If you don't like those options, there are many more, here are a few
with Groovy solutions in the same repo as the above examples:
* For a solution using the SCIP simplex solver in Google https://developers.google.com/optimization/lp[OR-Tools], see https://github.com/paulk-asert/groovy-constraint-programming/blob/master/subprojects/Diet/src/main/groovy/DietOrTools.groovy[DietOrTools.groovy]
* For a solution showing Groovy support within https://documentation.sas.com/doc/en/pgmsascdc/9.4_3.5/proc/p1x8agymll9gten1ocziihptcjzj.htm[SAS], see https://github.com/paulk-asert/groovy-constraint-programming/blob/master/subprojects/Diet/src/main/groovy/DietGroovy.sas[DietGroovy.sas]
* For a solution using the LP solver in https://www.ojalgo.org/[ojAlgo], see https://github.com/paulk-asert/groovy-constraint-programming/blob/master/subprojects/Diet/src/main/groovy/DietOjalgo.groovy[DietOjalgo.groovy]
* For a solution using the https://choco-solver.org/[Choco] constraint programming solver, see https://github.com/paulk-asert/groovy-constraint-programming/blob/master/subprojects/Diet/src/main/groovy/DietChocoInt.groovy[DietChocoInt.groovy] for a solution using scaled integers, and https://github.com/paulk-asert/groovy-constraint-programming/blob/master/subprojects/Diet/src/main/groovy/DietChocoReal.groovy[DietChocoReal.groovy] for a solution with real numbers using Ibex integration
* For a solution using the https://github.com/radsz/jacop[JaCoP] constraint programming solver, see https://github.com/paulk-asert/groovy-constraint-programming/blob/master/subprojects/Diet/src/main/groovy/DietJacopInt.groovy[DietJacopInt.groovy] for a solution using scaled integers, and https://github.com/paulk-asert/groovy-constraint-programming/blob/master/subprojects/Diet/src/main/groovy/DietJacopIntKnapsack.groovy[DietJacopIntKnapsack.groovy] for a solution utilizing a Knapsack constraint
For simple optimization problems, like our case study,
which can be solved using a simplex solver, you generally
need look no further.

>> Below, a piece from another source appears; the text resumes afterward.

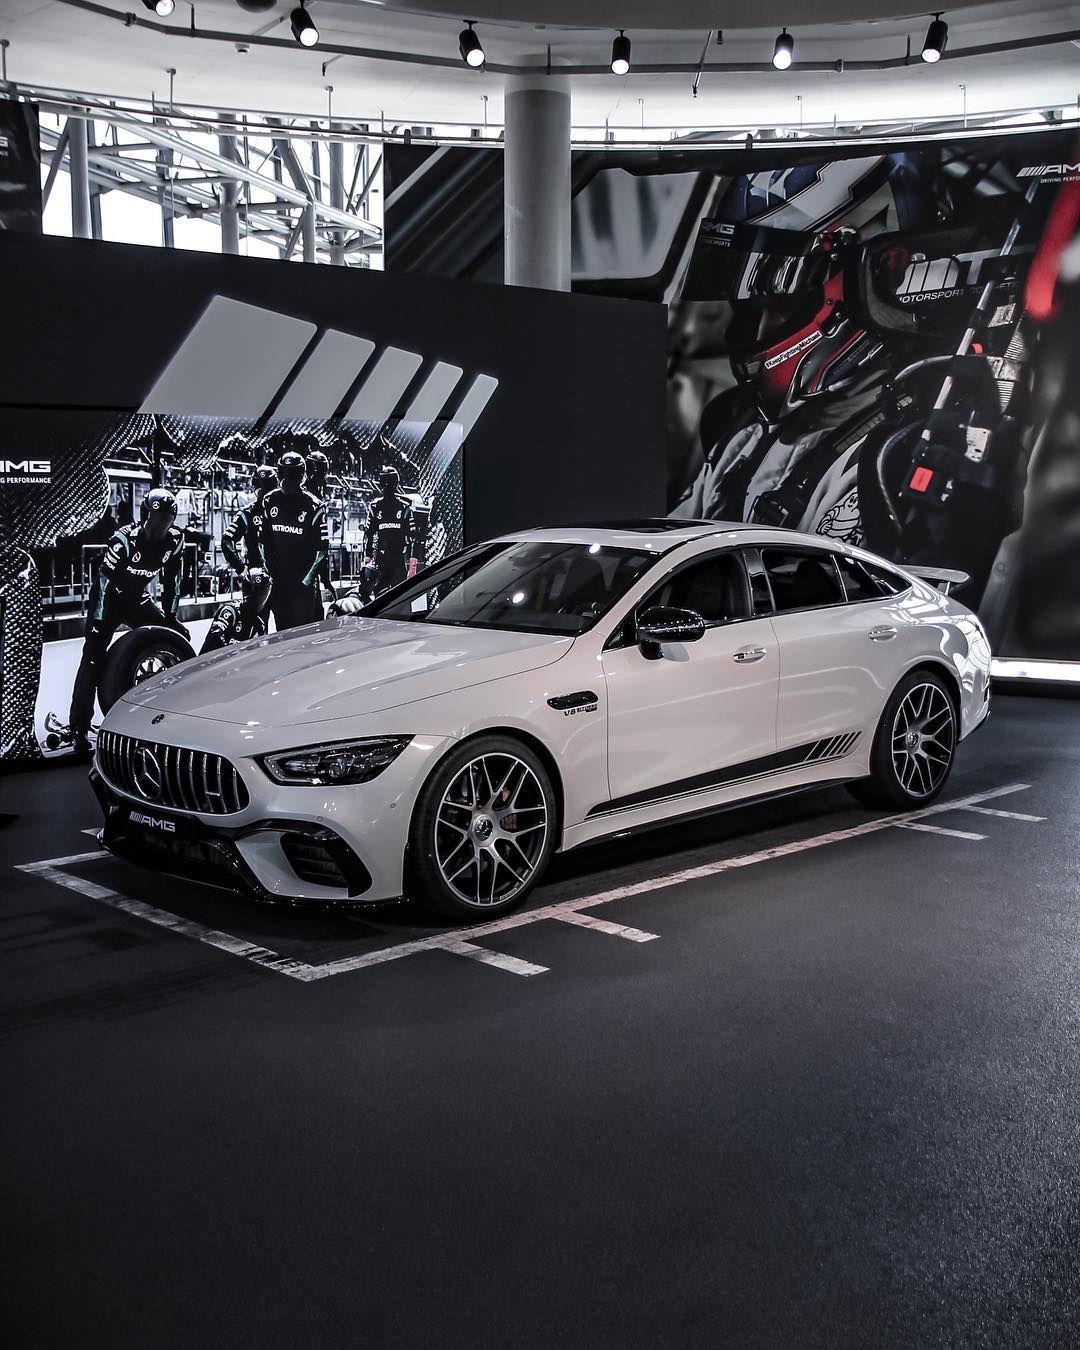 Mercedes Benz Amg, New Luxury Cars

It is a very efficient approach
to solving such problems. For an additional class of slightly
more complex problems, they can be mapped to linear programming
problems with a little ingenuity.
For more complex problems,
there are generally no super efficient solution approaches.
You need to bring to bear a range of techniques for managing
the potentially huge search space which is inherent in
such problems. That is where optimization libraries like
OptaPlanner (and Timefold) come into play.

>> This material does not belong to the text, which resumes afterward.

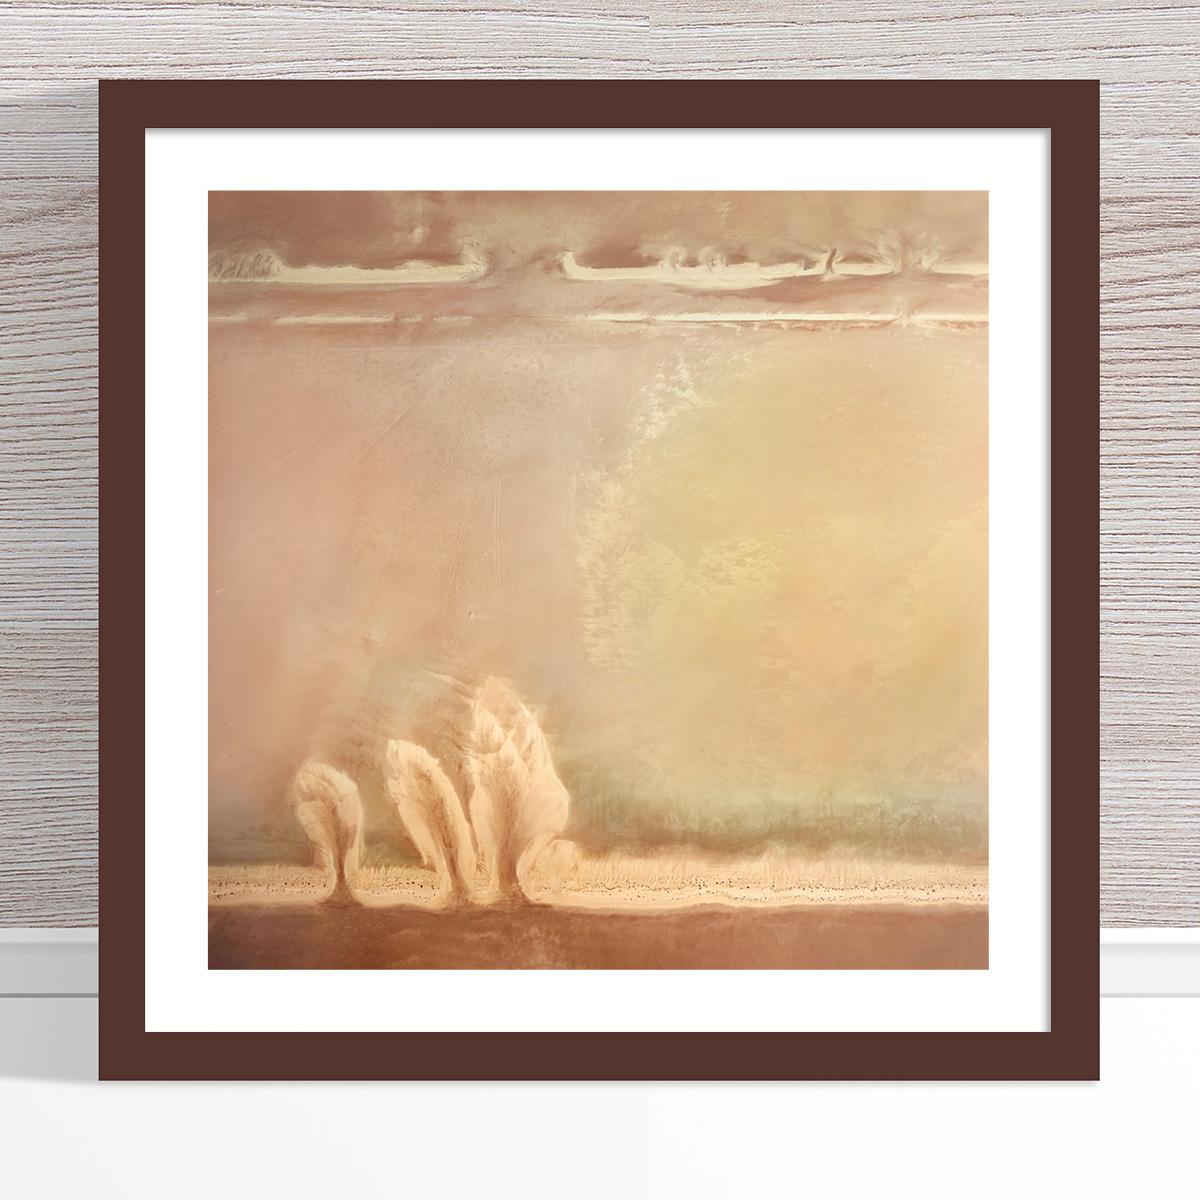 Chris Saunders - 'Aerial Salt 046' Dark Frame

== Using OptaPlanner or Timefold
OptaPlanner is an optimization library combining optimization algorithms with constraint solving.
For most of the last 10 years the library was developed under Red Hat's guidance.
In the last 12 months, the project and other related projects
were donated to the https://www.apache.org/[ASF] as part of https://kie.apache.org/[Apache KIE].
More recently, the library was forked as
https://timefold.ai/[Timefold].
In this blog, we'll use Timefold, but the code in the examples remains the same for both libraries as you can see in the
referenced repositories.
Just the Maven coordinate of the library changes along with the associated class imports.
At this stage, it isn't clear how the two projects will evolve over time.
One of the claims of the Timefold project is that it has a lighter dependency footprint.
This can be confirmed by running the `printRuntimeClasspath` task in the associated builds.
Timefold has 20 dependant jars compared with OptaPlanner's 55 jars.
While Timefold's power isn't needed for our simple problem,
let's examine how you would use it for the same case study.
First, we'll create a planning entity.
This is a class which the solver knows will change
over time and will contain one or more planning
variables.
In our case, we have just one planning variable,
the `amount` property, which the solver will adjust while trying
to find an optimal solution.
[source,groovy]
----
@PlanningEntity
@TupleConstructor(includeFields = true)
class Food {
final String name, emoji
final double cost, protein, fat, carbs, calories
@PlanningVariable(valueRangeProviderRefs = "amount")
Integer amount // times 100
}
----
We are using an Integer as the type for `amount`, since
Integers are much easier for a solver to work with.
We'll actually store the amount (as seen in the earlier example)
multiplied by 100, but we'll divide by 100 when displaying the result.
The other fields of our class are constants once defined
during instance construction.
Next, we define a planning solution class. This has all the
information needed about any given solution including a `score`.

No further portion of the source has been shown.